Ладно, пошел я к нему. У него там машина такая: я колесо верчу, а она листы оттискивает, газету. Верчу месяц, верчу второй, а жизнь все дорожает. Гляжу, за сапоги уже двести сорок рублей спрашивают. До войны они двенадцать целковых стоили. Эх, думаю, опять я без сапог! И вот утром являются в типографию трое с винтовками. Один, в кожанке, вышел вперед и говорит:
«Прекратить печатание! Вашу, говорит, газету Революционный комитет постановил закрыть».
«Как так?»
«А вот так. Один только блуд от нее».
А потом посмотрел на меня и спрашивает:
«И не совестно тебе, малый, всякую клевету на революцию печатать? Или ты не в своем уме? Или, может, ты им за что-нибудь продался?»

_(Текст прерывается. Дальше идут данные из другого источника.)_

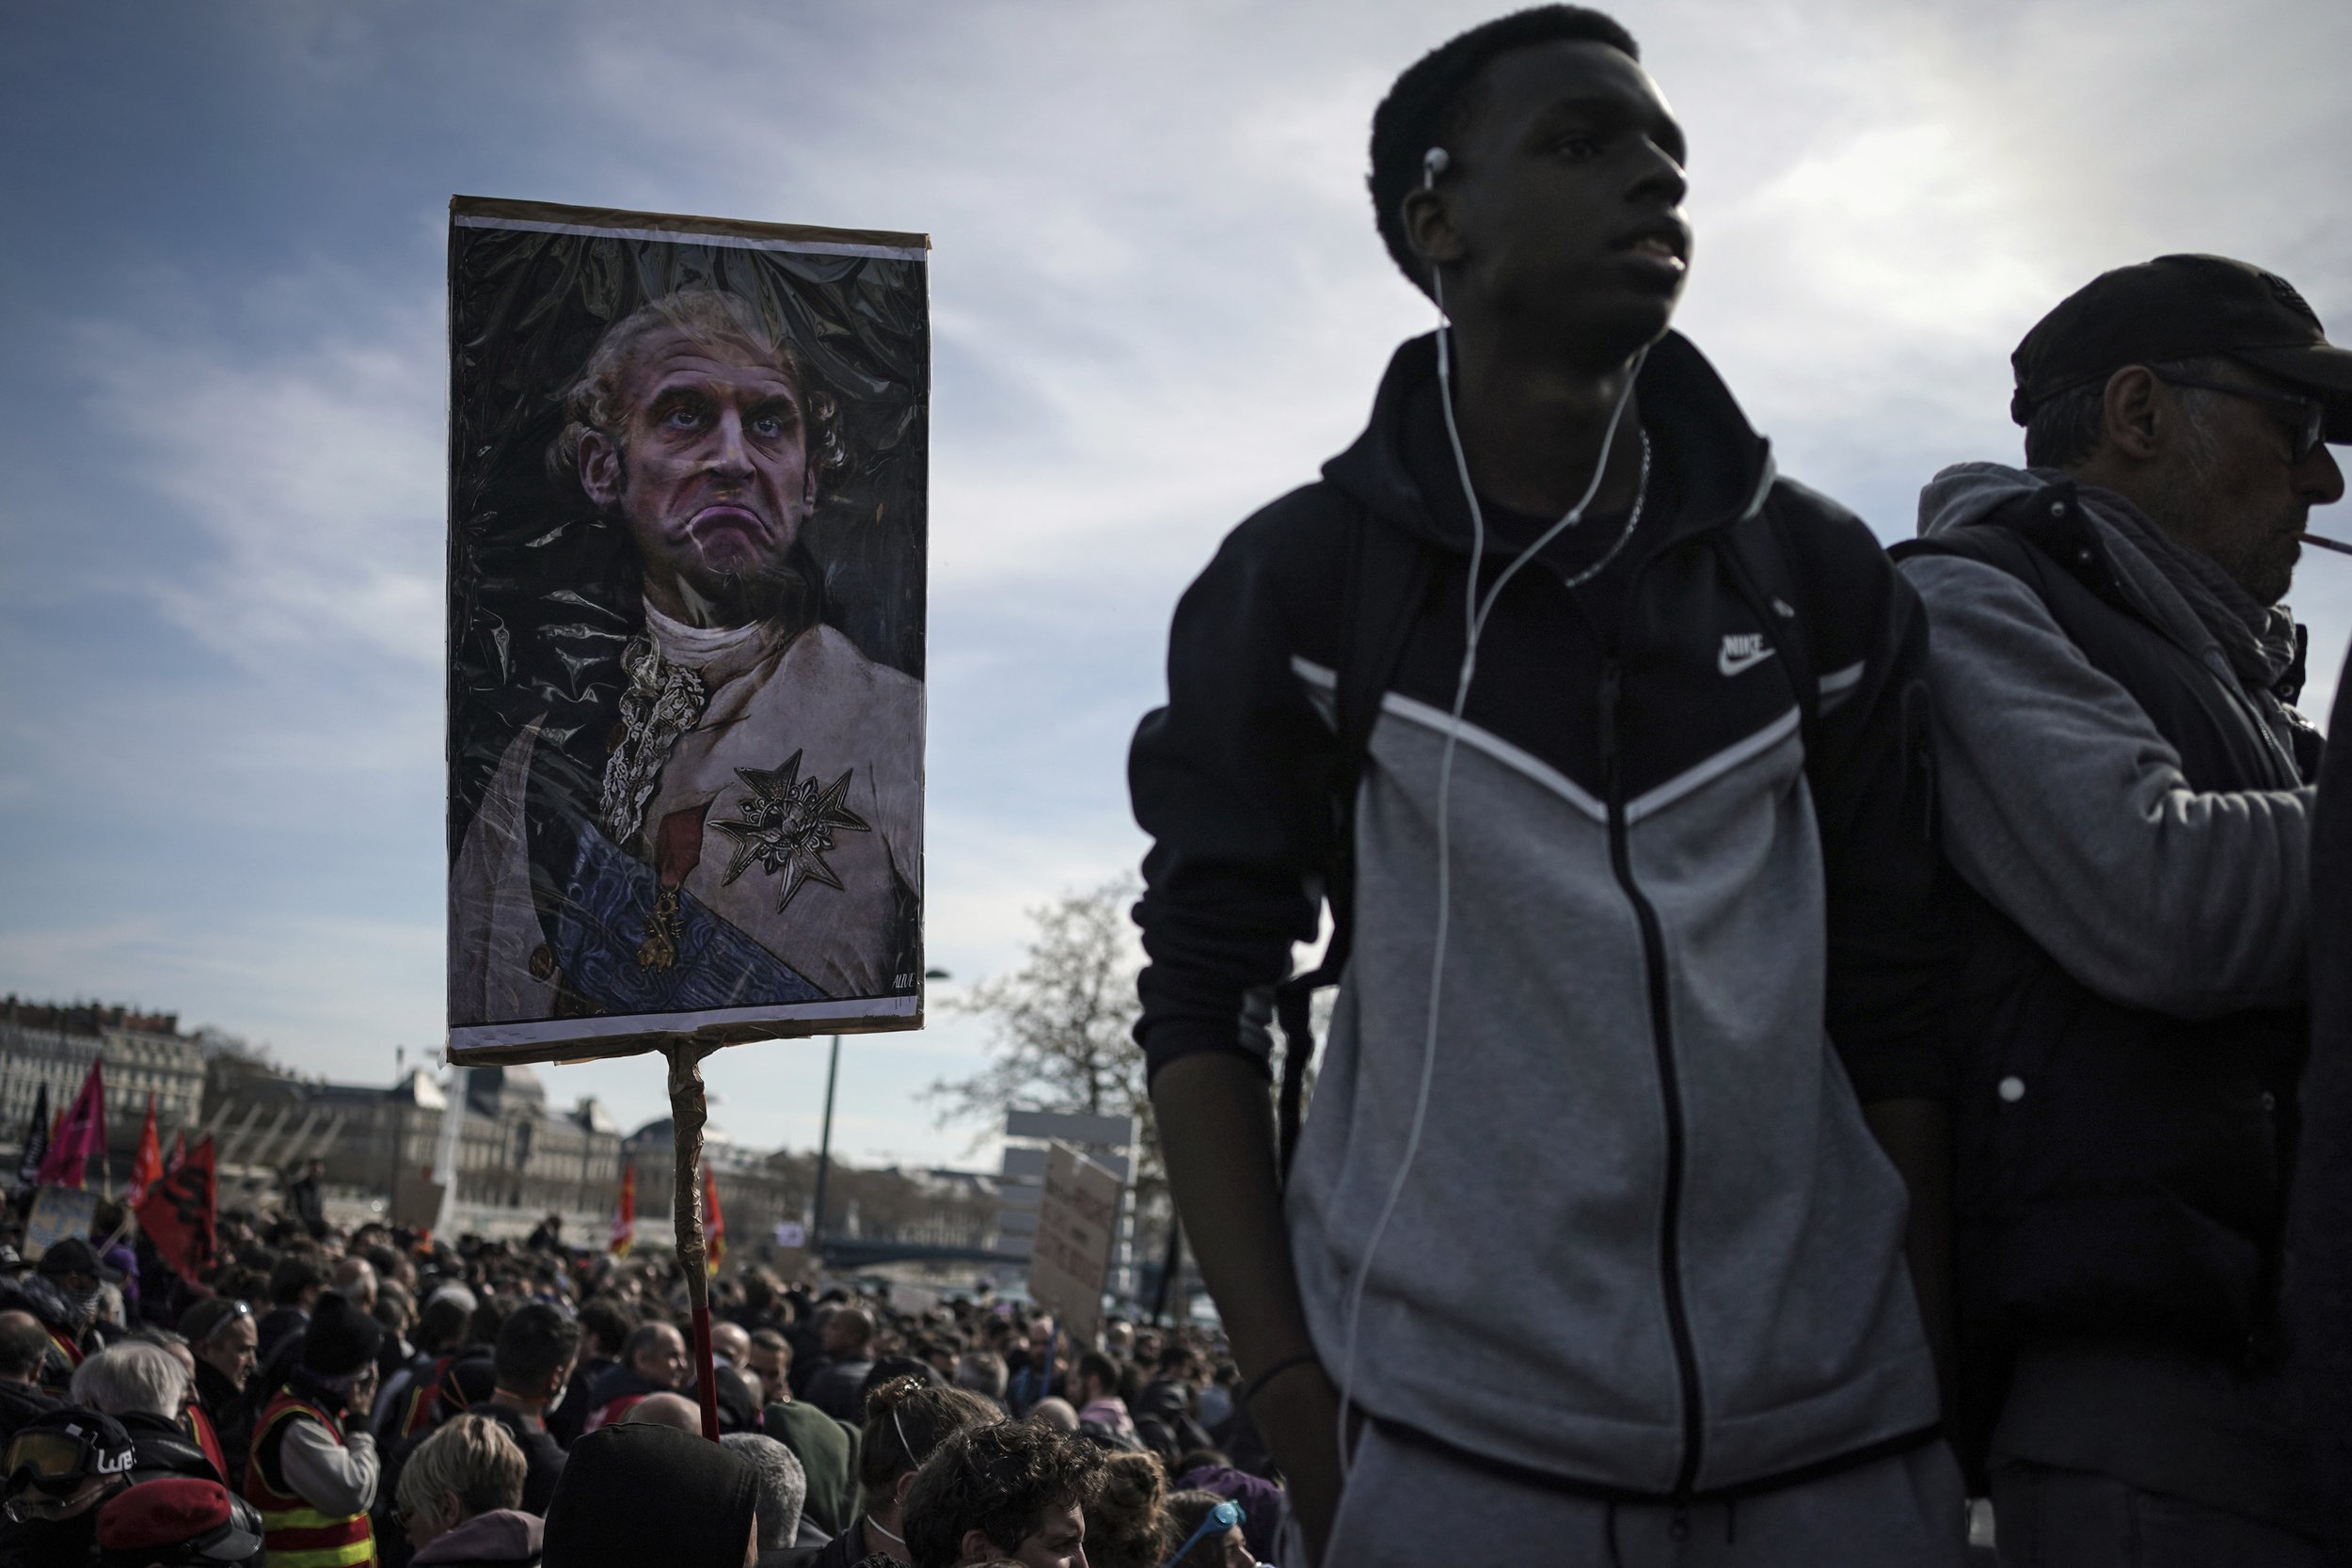  A protester holds a picture representing Emmanuel Macron dressed as a king during a demonstration against unpopular pension reforms and Macron's push to raise France's legal retirement age from 62 to 64, in Lyon, France, on March 28, 2023. (AP Photo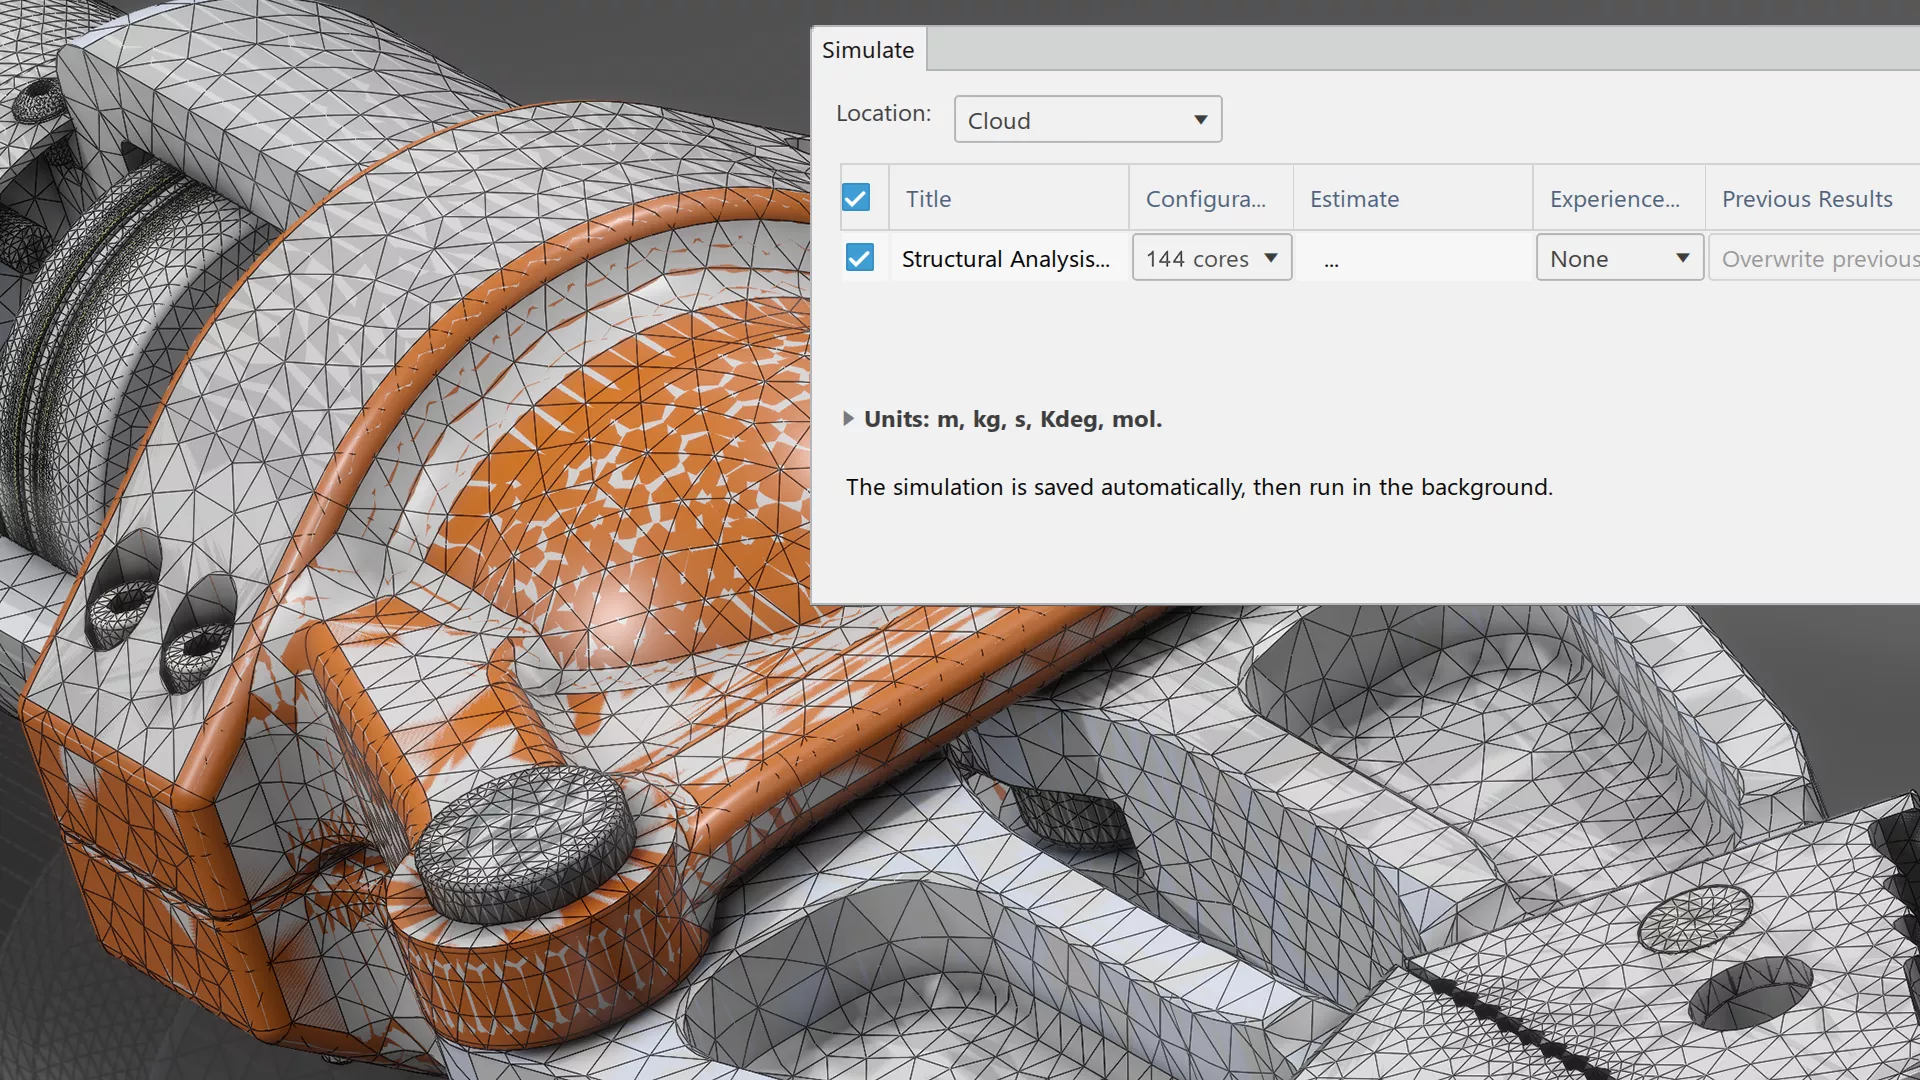 Cloud compute for FEA & CFD will transform your simulation capabilities and productivity.

И вижу, лицо у него вроде перекосилось все, и уж на меня он глядит с брезгливостью, будто на шелудивую собаку. А я и сказать не знаю что. Стою, только глазами хлопаю. Разве я знал, что это за газета? Мне и невдомек. Я, правда, два года отходил в школу, только, кроме букваря да часослова, никаких у меня книг и в руках не бывало. Ну уж он видит, какой я телок в этих делах, давай меня вразумлять. Так вразумил, что стыдно мне стало. Ах ты, думаю, едрена корень! Что же это такое получается?.. Подайся-ка, Леонид, закурю я…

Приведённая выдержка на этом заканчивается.